*** ENTRIES SHOWN Section Begins ***

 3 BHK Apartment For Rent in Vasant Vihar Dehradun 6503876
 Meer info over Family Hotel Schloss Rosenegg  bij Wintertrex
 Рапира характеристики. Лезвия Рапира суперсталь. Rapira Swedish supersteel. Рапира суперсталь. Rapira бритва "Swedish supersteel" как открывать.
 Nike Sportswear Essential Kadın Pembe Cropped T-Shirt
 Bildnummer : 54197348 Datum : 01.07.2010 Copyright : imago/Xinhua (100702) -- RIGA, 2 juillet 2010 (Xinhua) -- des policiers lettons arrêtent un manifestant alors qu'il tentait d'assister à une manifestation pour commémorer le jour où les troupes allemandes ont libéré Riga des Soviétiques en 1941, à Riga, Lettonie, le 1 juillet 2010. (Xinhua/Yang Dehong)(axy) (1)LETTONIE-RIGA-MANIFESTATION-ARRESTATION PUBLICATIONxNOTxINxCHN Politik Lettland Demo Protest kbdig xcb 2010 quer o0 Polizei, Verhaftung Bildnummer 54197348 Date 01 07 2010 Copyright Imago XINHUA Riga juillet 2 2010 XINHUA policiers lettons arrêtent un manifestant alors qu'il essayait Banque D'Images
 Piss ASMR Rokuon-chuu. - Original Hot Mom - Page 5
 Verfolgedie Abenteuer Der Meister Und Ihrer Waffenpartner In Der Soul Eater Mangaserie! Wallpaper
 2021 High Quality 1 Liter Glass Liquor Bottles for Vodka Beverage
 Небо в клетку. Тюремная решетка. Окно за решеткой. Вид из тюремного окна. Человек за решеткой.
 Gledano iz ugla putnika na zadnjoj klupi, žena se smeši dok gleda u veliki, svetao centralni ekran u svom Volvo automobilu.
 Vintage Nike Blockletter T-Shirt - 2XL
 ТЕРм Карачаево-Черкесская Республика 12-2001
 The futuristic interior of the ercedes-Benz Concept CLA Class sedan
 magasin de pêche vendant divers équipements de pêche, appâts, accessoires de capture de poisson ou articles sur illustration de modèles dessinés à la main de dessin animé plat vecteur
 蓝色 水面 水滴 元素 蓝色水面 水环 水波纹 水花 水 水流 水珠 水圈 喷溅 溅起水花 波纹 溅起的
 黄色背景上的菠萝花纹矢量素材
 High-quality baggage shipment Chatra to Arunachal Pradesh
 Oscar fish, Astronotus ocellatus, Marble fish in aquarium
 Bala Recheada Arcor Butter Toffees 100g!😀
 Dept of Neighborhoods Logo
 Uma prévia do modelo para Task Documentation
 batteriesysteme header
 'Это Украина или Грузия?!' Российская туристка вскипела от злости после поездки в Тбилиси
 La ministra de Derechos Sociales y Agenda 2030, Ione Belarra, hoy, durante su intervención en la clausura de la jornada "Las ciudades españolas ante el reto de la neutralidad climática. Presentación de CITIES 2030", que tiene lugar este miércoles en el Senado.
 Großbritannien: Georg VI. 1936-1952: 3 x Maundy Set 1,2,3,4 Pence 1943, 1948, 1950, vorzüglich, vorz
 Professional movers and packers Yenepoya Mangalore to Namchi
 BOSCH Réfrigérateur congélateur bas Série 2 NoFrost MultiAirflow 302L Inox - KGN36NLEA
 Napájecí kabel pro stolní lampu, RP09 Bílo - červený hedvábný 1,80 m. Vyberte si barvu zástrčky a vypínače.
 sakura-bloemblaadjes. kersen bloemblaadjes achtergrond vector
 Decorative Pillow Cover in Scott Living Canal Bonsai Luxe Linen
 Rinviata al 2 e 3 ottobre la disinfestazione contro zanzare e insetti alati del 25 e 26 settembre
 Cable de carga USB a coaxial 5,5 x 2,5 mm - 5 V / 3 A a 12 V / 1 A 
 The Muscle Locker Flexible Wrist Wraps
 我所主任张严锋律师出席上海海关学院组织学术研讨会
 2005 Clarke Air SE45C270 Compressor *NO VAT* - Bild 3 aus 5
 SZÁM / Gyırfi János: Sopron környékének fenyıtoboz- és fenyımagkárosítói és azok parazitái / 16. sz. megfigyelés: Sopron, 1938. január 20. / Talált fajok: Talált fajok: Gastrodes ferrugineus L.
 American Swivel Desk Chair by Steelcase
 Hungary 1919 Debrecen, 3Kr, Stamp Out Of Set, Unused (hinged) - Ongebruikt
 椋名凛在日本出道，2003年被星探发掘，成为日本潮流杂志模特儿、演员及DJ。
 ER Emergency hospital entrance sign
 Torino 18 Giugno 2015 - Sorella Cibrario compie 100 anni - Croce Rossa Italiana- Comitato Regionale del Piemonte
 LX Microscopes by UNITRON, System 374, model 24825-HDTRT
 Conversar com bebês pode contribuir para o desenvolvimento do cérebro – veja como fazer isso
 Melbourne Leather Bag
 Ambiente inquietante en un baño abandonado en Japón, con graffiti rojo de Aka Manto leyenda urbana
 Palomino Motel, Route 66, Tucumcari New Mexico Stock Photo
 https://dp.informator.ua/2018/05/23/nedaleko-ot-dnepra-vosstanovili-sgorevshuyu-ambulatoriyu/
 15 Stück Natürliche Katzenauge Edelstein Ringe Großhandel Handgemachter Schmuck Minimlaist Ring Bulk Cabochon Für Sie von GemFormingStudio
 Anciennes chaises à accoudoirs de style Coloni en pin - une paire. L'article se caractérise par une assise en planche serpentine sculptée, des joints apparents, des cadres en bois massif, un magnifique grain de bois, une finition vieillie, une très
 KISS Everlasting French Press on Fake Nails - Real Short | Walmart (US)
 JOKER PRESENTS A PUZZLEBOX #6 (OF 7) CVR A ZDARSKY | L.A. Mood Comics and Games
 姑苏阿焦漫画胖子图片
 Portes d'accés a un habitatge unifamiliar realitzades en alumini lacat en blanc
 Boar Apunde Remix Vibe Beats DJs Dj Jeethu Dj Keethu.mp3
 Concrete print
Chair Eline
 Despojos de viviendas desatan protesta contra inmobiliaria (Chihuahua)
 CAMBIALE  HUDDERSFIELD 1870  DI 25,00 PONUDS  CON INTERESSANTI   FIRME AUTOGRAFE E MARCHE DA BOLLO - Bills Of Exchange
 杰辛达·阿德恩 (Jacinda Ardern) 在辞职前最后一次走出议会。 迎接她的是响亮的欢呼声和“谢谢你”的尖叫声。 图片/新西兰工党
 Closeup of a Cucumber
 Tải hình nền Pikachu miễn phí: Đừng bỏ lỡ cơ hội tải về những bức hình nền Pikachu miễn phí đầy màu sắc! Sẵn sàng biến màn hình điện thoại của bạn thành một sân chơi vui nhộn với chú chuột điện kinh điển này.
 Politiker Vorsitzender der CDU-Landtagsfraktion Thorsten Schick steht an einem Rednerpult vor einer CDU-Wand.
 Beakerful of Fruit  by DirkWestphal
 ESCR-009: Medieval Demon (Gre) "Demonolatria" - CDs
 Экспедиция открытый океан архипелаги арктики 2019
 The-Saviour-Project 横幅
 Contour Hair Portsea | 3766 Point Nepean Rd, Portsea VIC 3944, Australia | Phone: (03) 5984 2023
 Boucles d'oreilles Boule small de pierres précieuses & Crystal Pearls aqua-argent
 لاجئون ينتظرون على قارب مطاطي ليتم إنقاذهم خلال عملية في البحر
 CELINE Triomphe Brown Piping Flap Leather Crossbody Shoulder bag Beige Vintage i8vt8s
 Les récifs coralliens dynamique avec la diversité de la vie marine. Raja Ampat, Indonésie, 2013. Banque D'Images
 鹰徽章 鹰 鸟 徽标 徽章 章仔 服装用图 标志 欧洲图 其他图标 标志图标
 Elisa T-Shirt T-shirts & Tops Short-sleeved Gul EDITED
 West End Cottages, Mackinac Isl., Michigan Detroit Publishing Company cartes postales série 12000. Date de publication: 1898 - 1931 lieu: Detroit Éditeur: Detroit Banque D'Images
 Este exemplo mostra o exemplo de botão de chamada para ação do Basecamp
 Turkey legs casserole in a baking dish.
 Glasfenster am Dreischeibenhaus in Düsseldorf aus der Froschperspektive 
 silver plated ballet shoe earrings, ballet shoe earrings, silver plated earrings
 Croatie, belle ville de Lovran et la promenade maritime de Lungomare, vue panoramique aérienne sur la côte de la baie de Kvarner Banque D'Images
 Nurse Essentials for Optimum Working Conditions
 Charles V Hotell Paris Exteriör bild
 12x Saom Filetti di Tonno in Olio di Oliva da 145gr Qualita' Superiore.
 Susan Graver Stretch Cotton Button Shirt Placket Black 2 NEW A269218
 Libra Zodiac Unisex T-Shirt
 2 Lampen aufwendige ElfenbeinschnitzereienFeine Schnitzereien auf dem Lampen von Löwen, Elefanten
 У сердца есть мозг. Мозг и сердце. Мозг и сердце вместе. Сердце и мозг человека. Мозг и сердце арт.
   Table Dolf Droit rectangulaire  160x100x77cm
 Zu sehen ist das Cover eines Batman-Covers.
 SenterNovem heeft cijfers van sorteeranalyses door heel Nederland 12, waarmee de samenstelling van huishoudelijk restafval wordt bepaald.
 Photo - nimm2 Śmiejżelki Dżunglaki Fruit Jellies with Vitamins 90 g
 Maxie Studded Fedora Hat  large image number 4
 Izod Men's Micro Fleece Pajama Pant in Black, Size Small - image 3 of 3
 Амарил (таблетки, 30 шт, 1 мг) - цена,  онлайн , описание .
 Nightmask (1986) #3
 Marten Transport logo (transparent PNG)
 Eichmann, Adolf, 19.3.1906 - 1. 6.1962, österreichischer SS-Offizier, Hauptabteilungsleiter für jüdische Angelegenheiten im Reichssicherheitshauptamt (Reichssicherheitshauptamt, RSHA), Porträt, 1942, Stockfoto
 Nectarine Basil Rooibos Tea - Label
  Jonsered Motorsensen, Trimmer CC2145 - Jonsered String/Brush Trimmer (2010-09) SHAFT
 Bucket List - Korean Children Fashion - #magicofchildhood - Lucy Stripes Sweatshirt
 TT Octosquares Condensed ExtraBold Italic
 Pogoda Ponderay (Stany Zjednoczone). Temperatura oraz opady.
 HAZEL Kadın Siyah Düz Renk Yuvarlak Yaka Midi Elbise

*** ENTRIES SHOWN Section Ends ***

TASK ITEM - Write out exactly the lines above between the line with "Politiker Vorsitzender der" and the line with "silver plated ballet", inclusive, and nothing beyond them.

FINISHED EXERCISE -
 Politiker Vorsitzender der CDU-Landtagsfraktion Thorsten Schick steht an einem Rednerpult vor einer CDU-Wand.
 Beakerful of Fruit  by DirkWestphal
 ESCR-009: Medieval Demon (Gre) "Demonolatria" - CDs
 Экспедиция открытый океан архипелаги арктики 2019
 The-Saviour-Project 横幅
 Contour Hair Portsea | 3766 Point Nepean Rd, Portsea VIC 3944, Australia | Phone: (03) 5984 2023
 Boucles d'oreilles Boule small de pierres précieuses & Crystal Pearls aqua-argent
 لاجئون ينتظرون على قارب مطاطي ليتم إنقاذهم خلال عملية في البحر
 CELINE Triomphe Brown Piping Flap Leather Crossbody Shoulder bag Beige Vintage i8vt8s
 Les récifs coralliens dynamique avec la diversité de la vie marine. Raja Ampat, Indonésie, 2013. Banque D'Images
 鹰徽章 鹰 鸟 徽标 徽章 章仔 服装用图 标志 欧洲图 其他图标 标志图标
 Elisa T-Shirt T-shirts & Tops Short-sleeved Gul EDITED
 West End Cottages, Mackinac Isl., Michigan Detroit Publishing Company cartes postales série 12000. Date de publication: 1898 - 1931 lieu: Detroit Éditeur: Detroit Banque D'Images
 Este exemplo mostra o exemplo de botão de chamada para ação do Basecamp
 Turkey legs casserole in a baking dish.
 Glasfenster am Dreischeibenhaus in Düsseldorf aus der Froschperspektive 
 silver plated ballet shoe earrings, ballet shoe earrings, silver plated earrings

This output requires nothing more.